▸ Dataset extract:

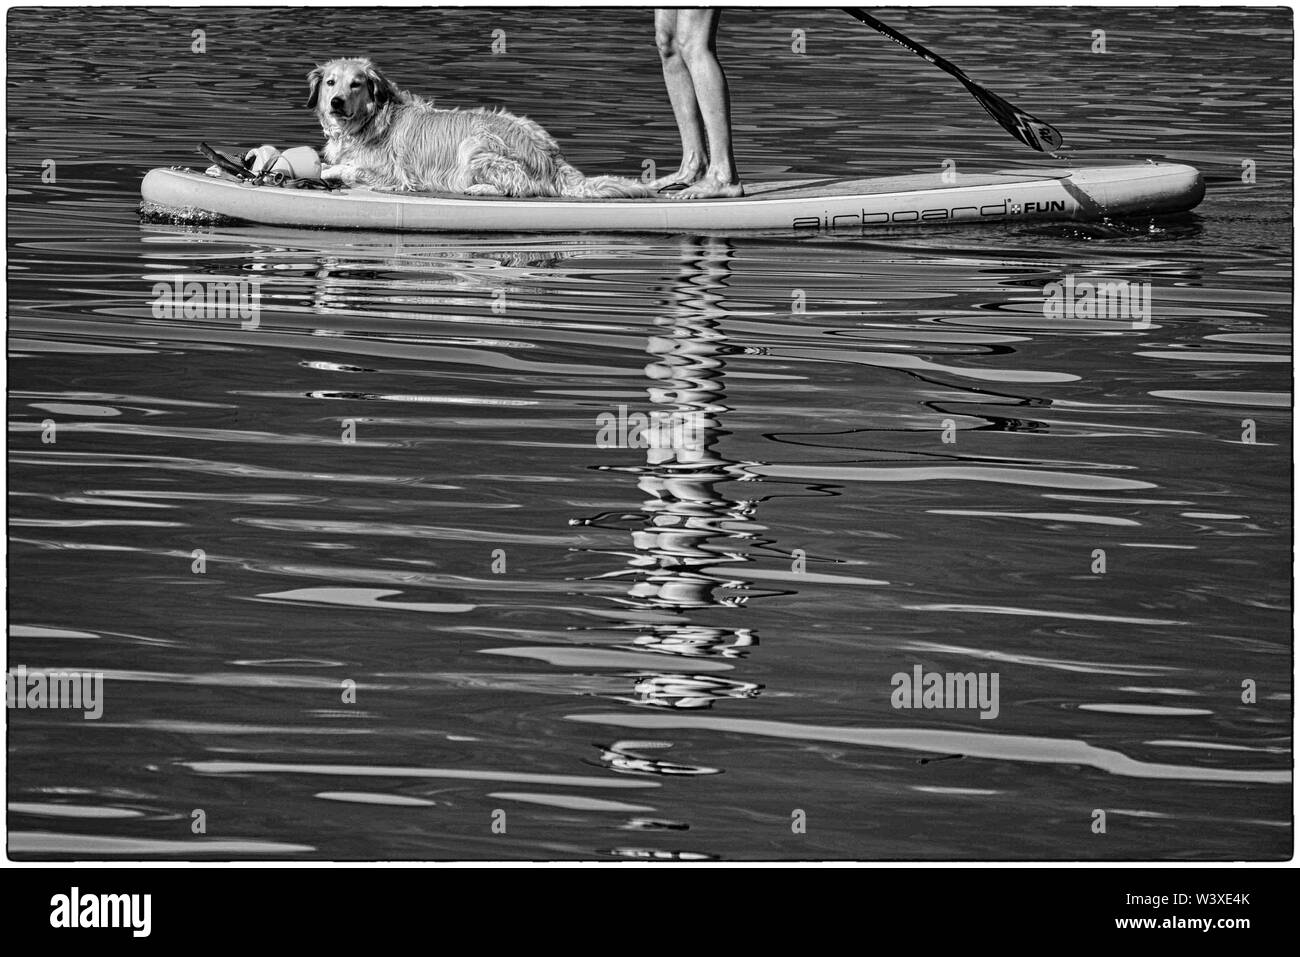 Schwarze und weiße Schuß eines nassen Hund auf einem SUP Board. Paddler nur sichtbar, von den Knien abwärts, Teil der Paddel und Reflexion auf dem Wasser Stockfoto
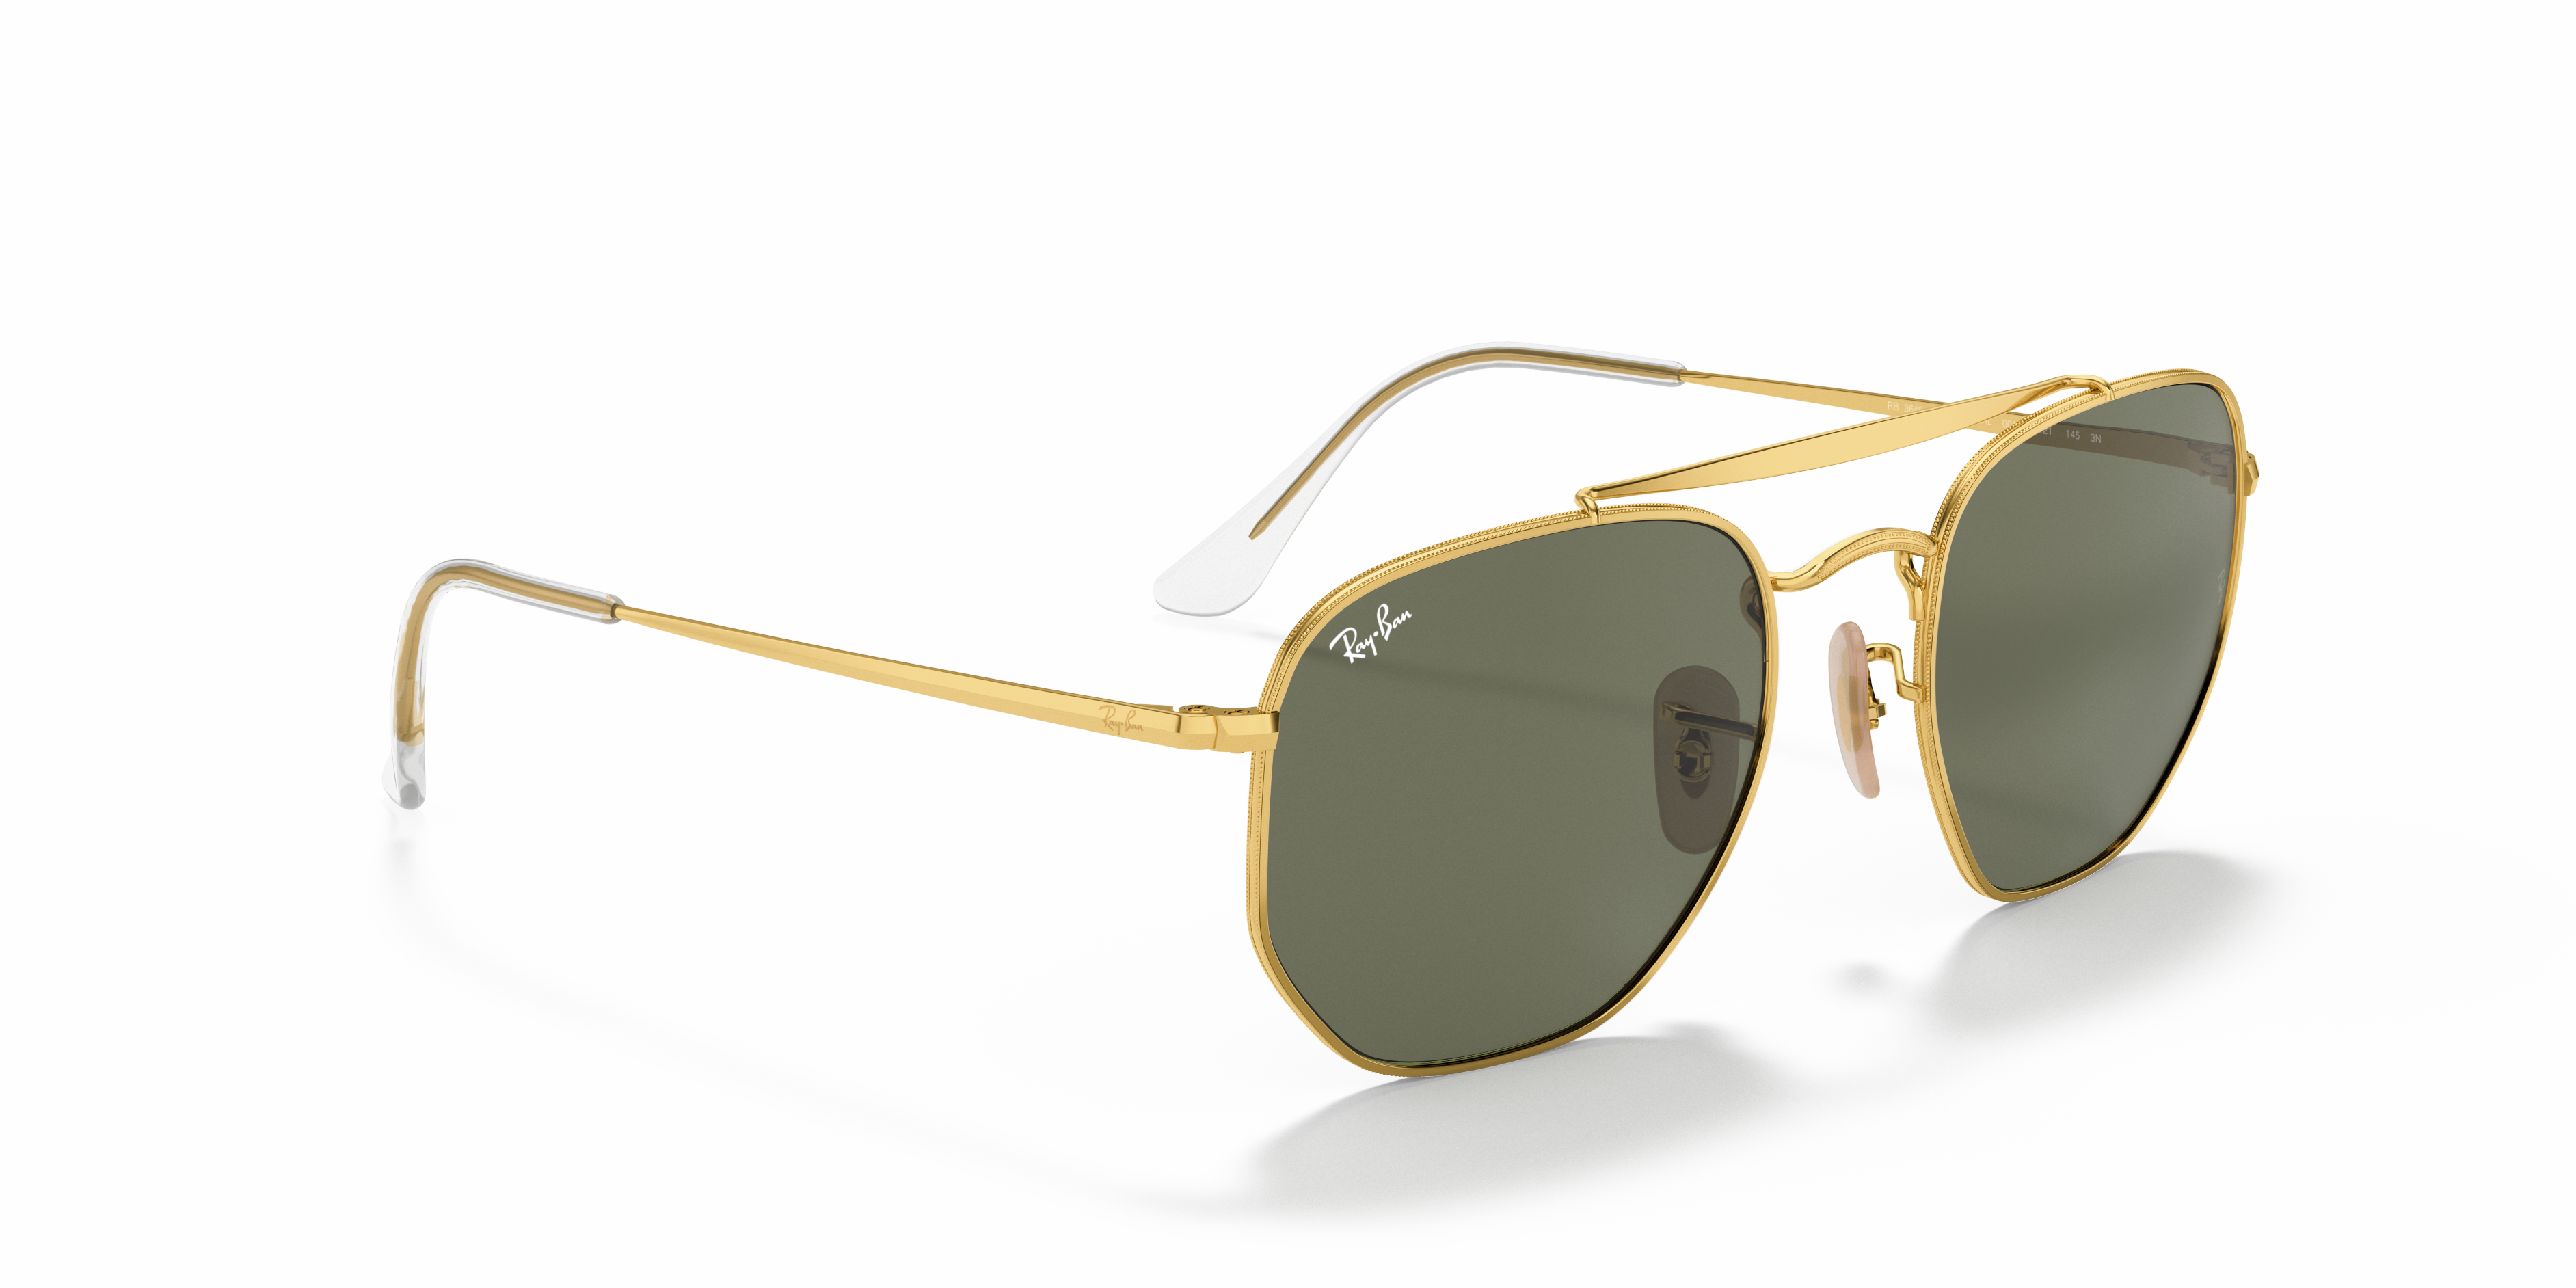 Sunglasses RAY-BAN golden Women Accessories Ray-Ban Women Sunglasses Ray-Ban Women Sunglasses Ray-Ban Women 
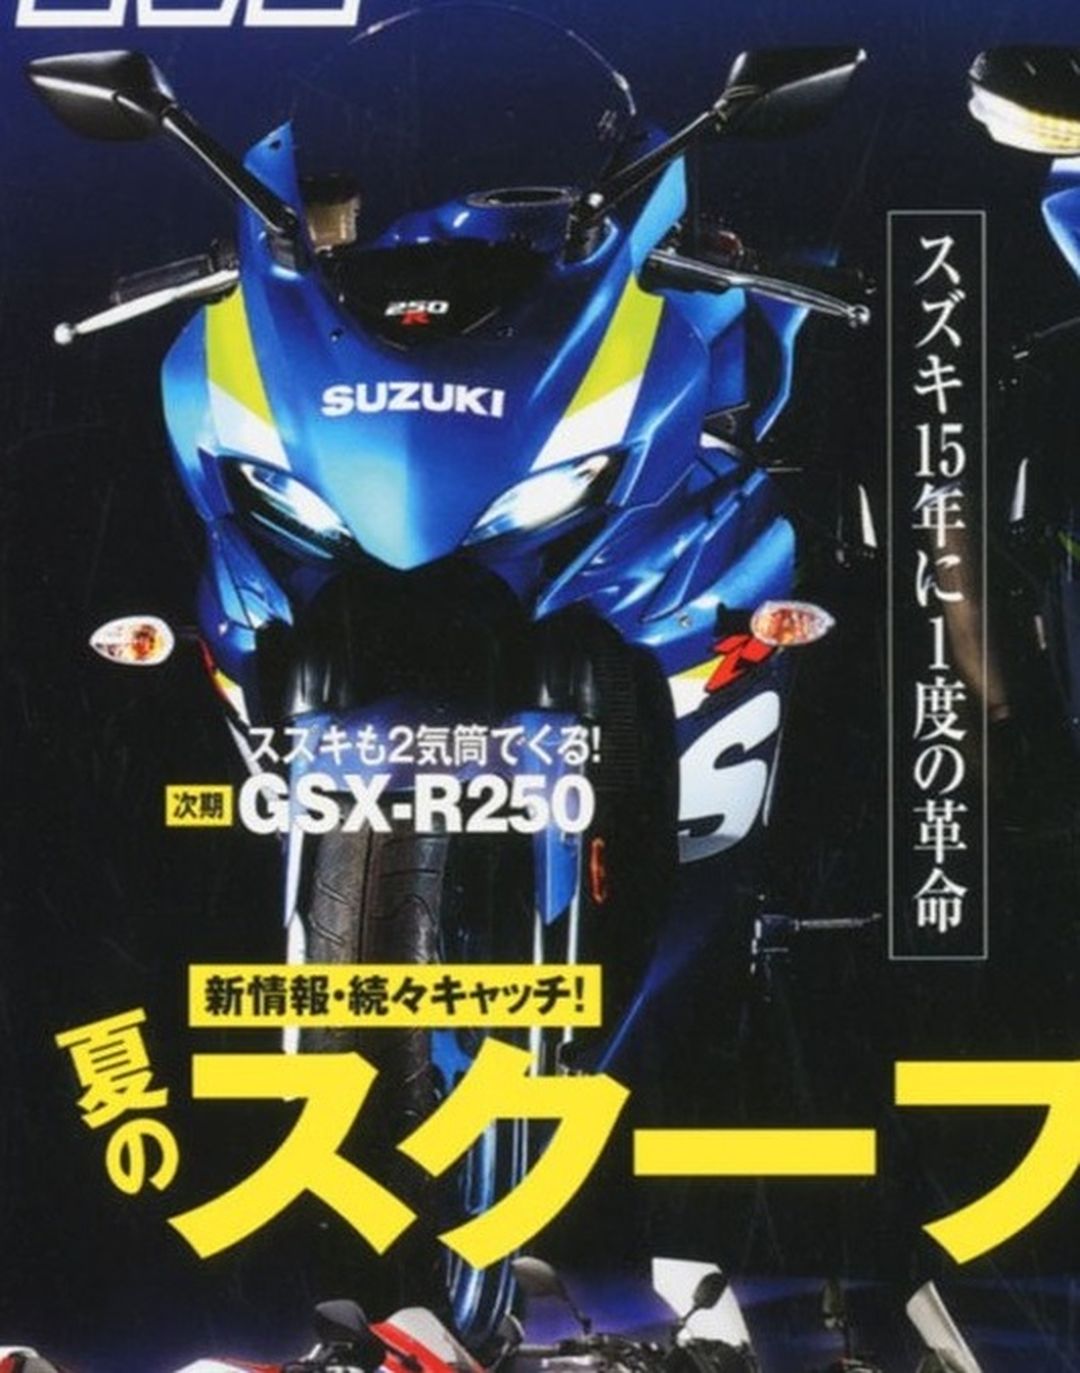 Suzuki GSXR 2016. Frontal.

▸ Task item:
Restate all of the material above word for word. Pictures do not belong in it.

▸ Result of this exercise:
 Schwarze und weiße Schuß eines nassen Hund auf einem SUP Board. Paddler nur sichtbar, von den Knien abwärts, Teil der Paddel und Reflexion auf dem Wasser Stockfoto
 Sunglasses RAY-BAN golden Women Accessories Ray-Ban Women Sunglasses Ray-Ban Women Sunglasses Ray-Ban Women 
 Suzuki GSXR 2016. Frontal.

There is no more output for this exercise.